> **Task brief**:
Look below for the line containing "神奈川県海老名市の紙の白地図", then write out that line and every line after it to the end, exactly, minus the pictures.

> **Exercise data**:
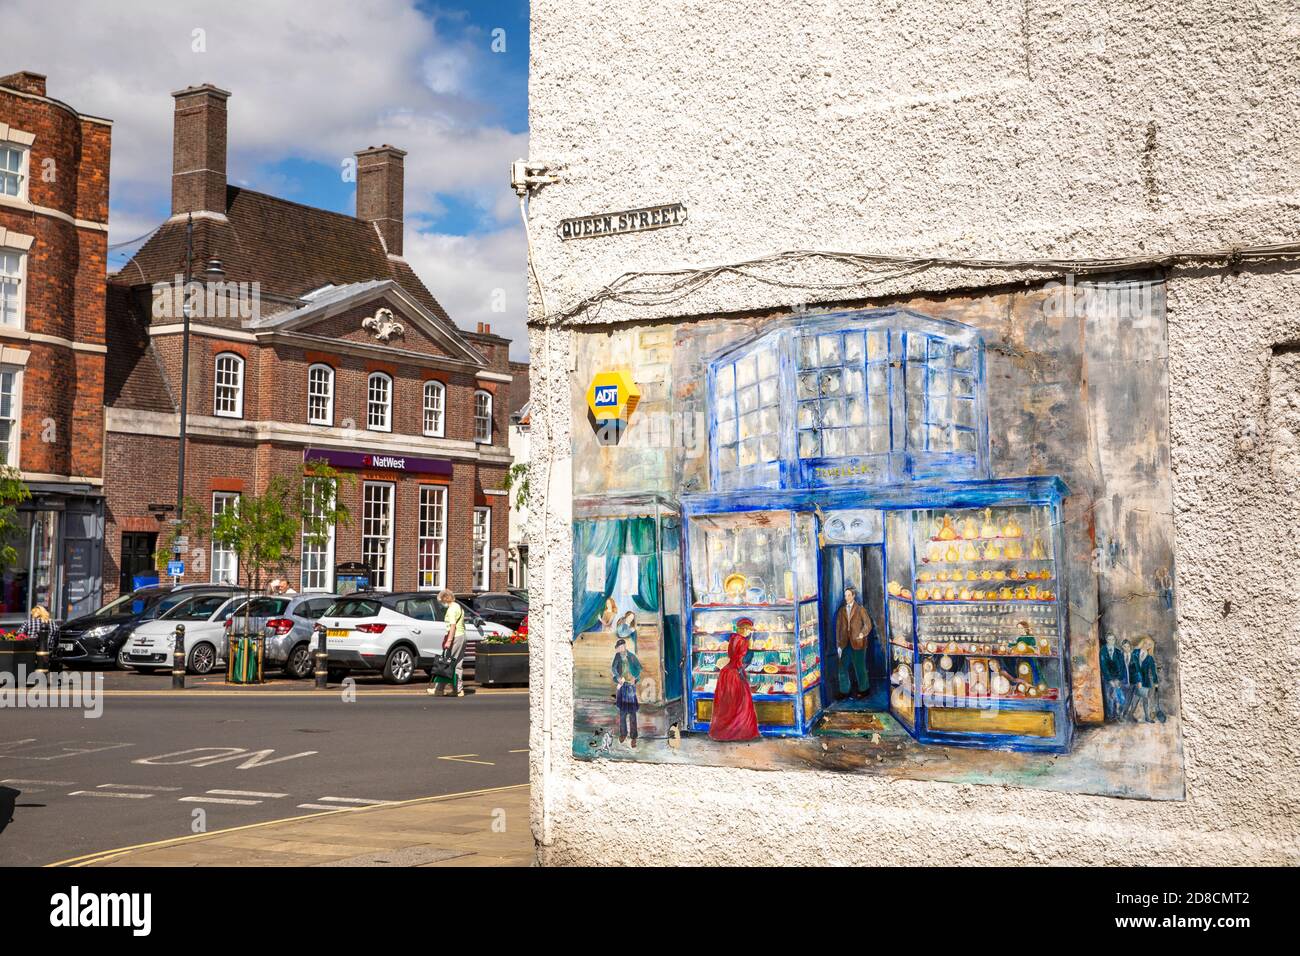 Großbritannien, England, Lincolnshire Wolds, Louth, Queen Street, gemalte Wandgemälde an der Wand von Scotts Juweliere, die zum Marktplatz führen Stockfoto
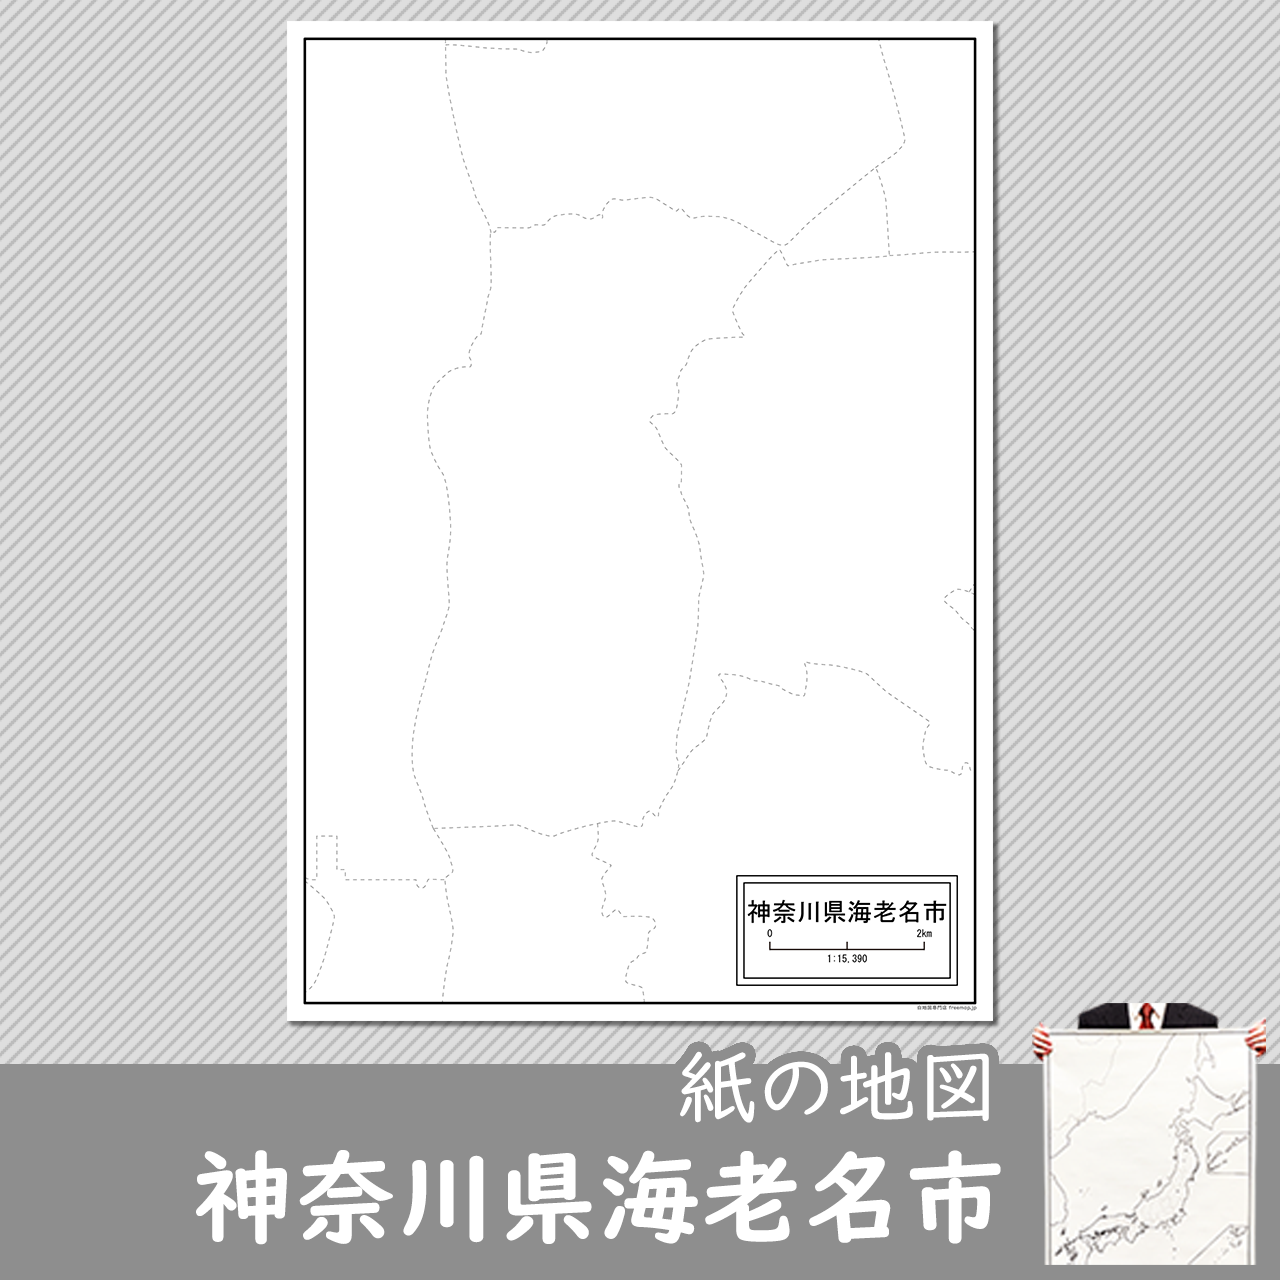 神奈川県海老名市の紙の白地図
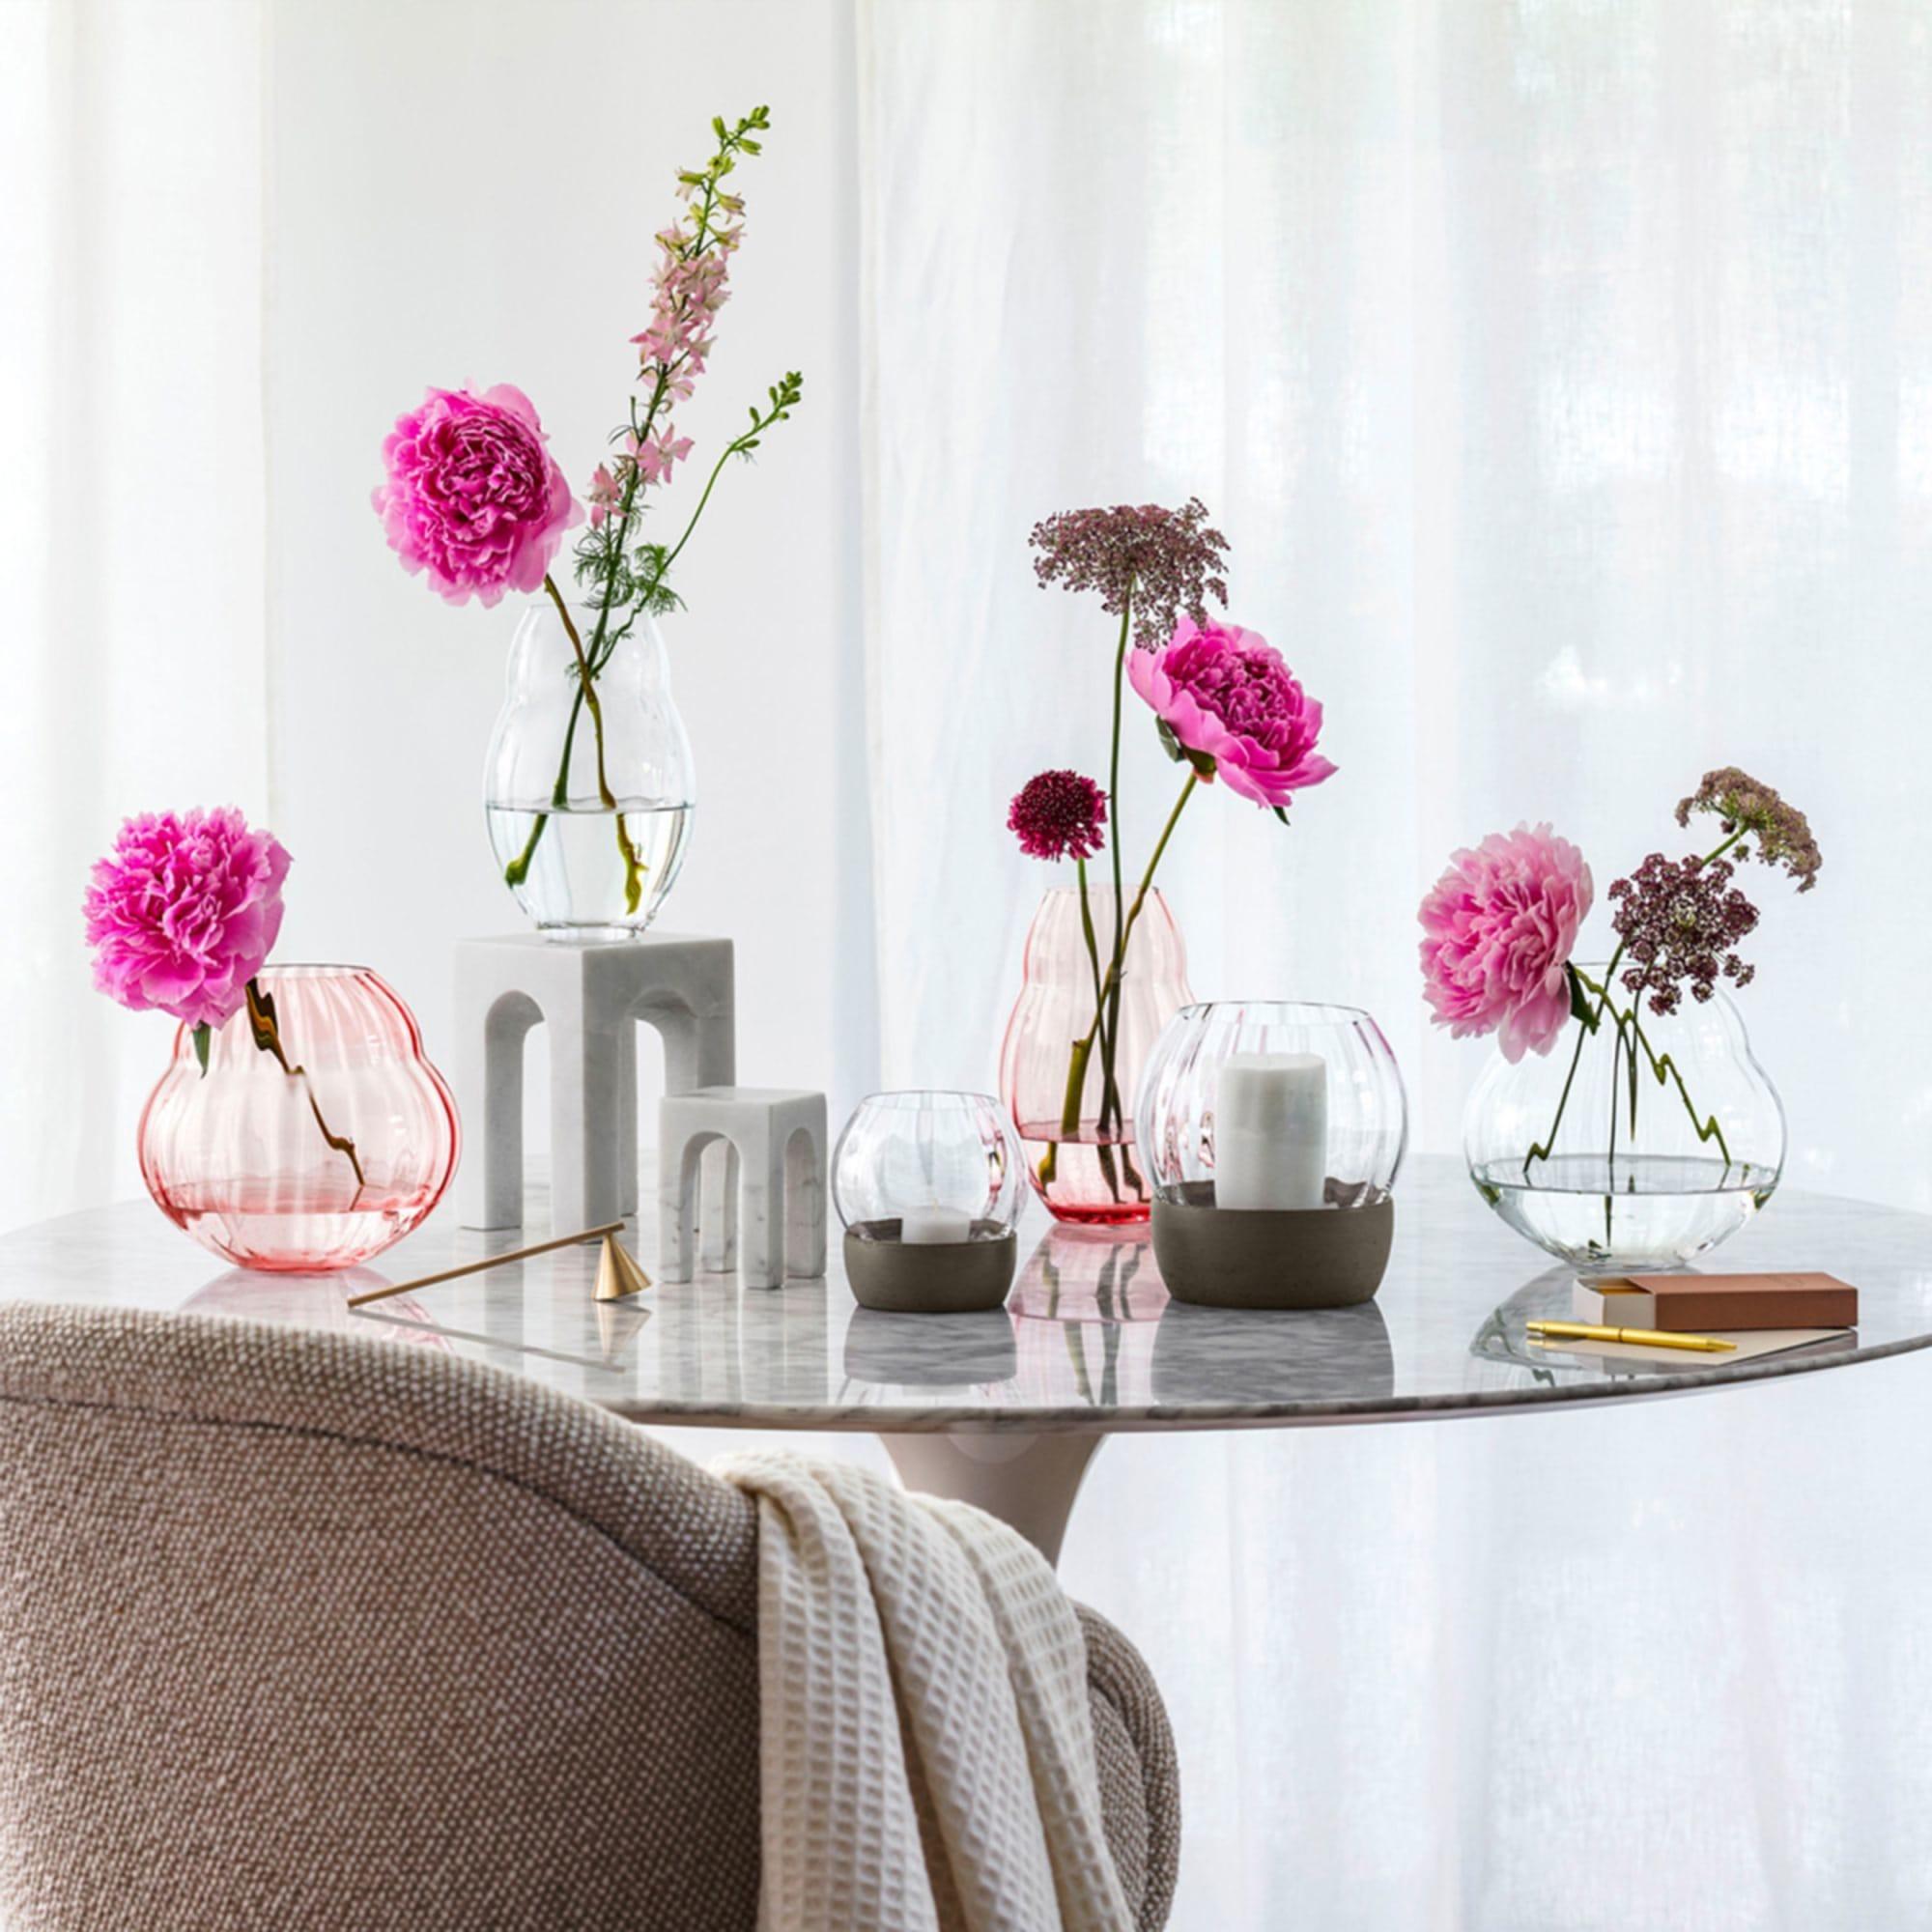 Villeroy & Boch Rose Garden Home Vase 20cm Pink Image 4

> **Response box**:
 神奈川県海老名市の紙の白地図
 Villeroy & Boch Rose Garden Home Vase 20cm Pink Image 4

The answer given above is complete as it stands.